The above sample is completely made up. I am simply trying to highlight the “visual messiness” of this binary file. For example, below is a CAMM case 5 sample containing 28 bytes of telemetry.

\x00\x00\x05\x00\x19\xf9a)7\[email protected]\x02\xd4\xd4\xb2\xb5~\xf5\xbf33333\[email protected]

It probably won’t make any sense (yet) but imagine the mdat being a document with many binary samples like this for video, audio, and telemetry (and possible other things too) all mixed together in one big document.

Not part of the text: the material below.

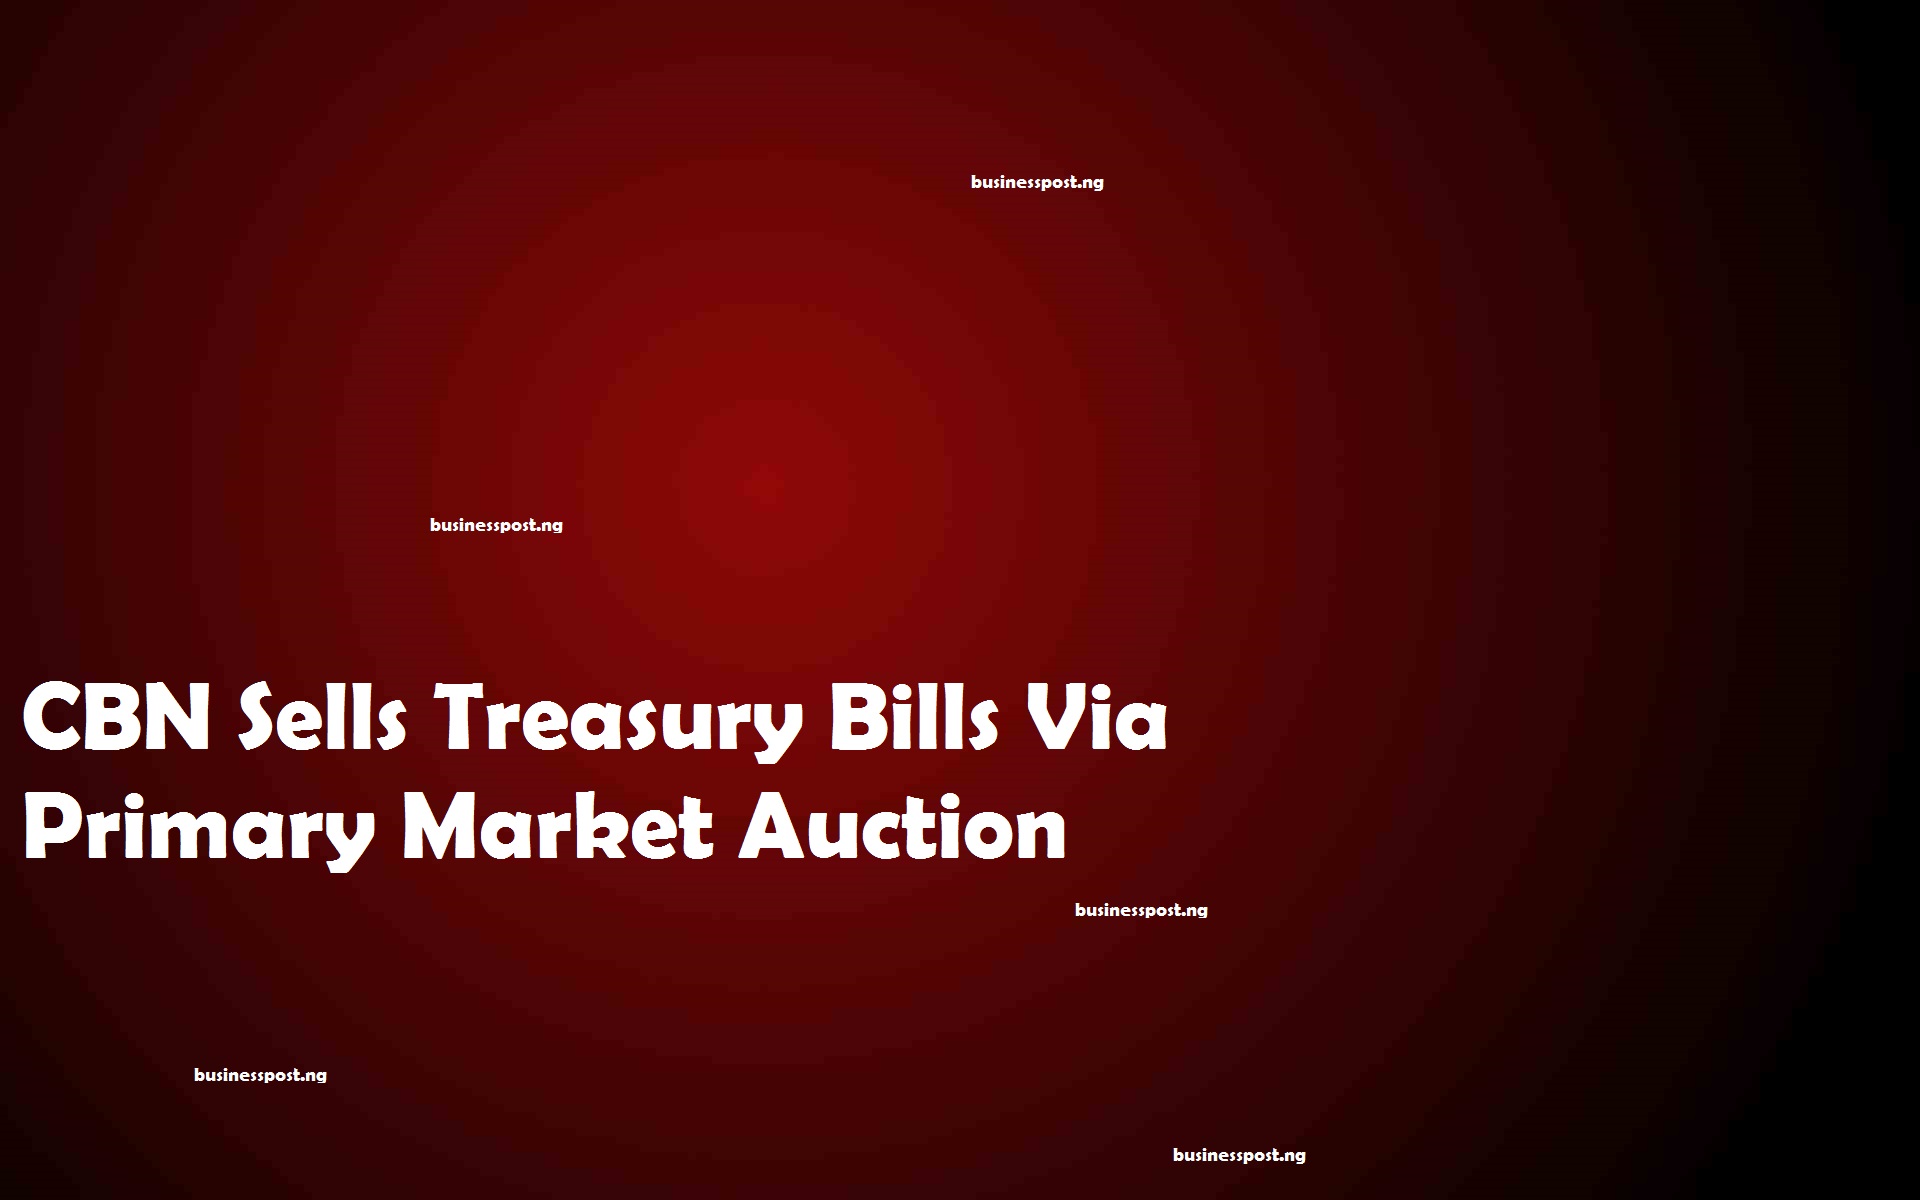 PMA treasury bills

The understanding of where everything lives in this file (mix) is handled in the moov box traks. The video trak tells decoders where the video bytes are (and their time in relation to the video), the audio trak tells decoders where/when the audio bytes are, and yes, the telemetry trak tells decoders where/when the telemetry bytes are.

Jumping into moov binaries

Below is an illustration of the box structure of a video file with CAMM telemetry.

mpeg4 [154972743]
 ├── b'ftyp' [8, 16]
 ├── b'mdat' [16, 154967524]
 └── b'moov' [8, 5171]
     ├── b'mvhd' [8, 100]
     ├── b'meta' [8, 111]
     ├── b'trak' [8, 2565]
     │   ├── b'tkhd' [8, 84]
     │   └── b'mdia' [8, 2465]
     │       ├── b'mdhd' [8, 24]
     │       ├── b'hdlr' [8, 36]
     │       └── b'minf' [8, 2381]
     │           ├── b'nmhd' [8, 4]
     │           ├── b'dinf' [8, 28]
     │           └── b'stbl' [8, 2325]
     │               ├── b'stsd' [8, 33]
     │               │   └── b'camm' [8, 17]
     │               ├── b'stts' [8, 1352]
     │               ├── b'stsz' [8, 724]
     │               ├── b'stsc' [8, 80]
     │               └── b'co64' [8, 96]

I’ve already explained the mdat is a single binary stream. The moov data is written as binary, however in a more structured in a way that allows for easier identification of the child boxes that can be present as per the mp4 specification.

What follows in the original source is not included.